[Data extracted from a collection]
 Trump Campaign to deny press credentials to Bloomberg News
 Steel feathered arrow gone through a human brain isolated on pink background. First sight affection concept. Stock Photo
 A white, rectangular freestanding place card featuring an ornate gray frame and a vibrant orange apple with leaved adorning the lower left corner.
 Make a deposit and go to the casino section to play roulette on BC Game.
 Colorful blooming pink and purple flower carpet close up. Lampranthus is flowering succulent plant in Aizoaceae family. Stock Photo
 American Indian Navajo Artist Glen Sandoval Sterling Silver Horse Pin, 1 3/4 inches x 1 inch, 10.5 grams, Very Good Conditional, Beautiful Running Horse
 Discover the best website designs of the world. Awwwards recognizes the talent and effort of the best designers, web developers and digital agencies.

**Task details**. Extract the first line above and each line after it up to and including the one with "Steel feathered arrow", please, exactly and with nothing else.

**Task output**.
 Trump Campaign to deny press credentials to Bloomberg News
 Steel feathered arrow gone through a human brain isolated on pink background. First sight affection concept. Stock Photo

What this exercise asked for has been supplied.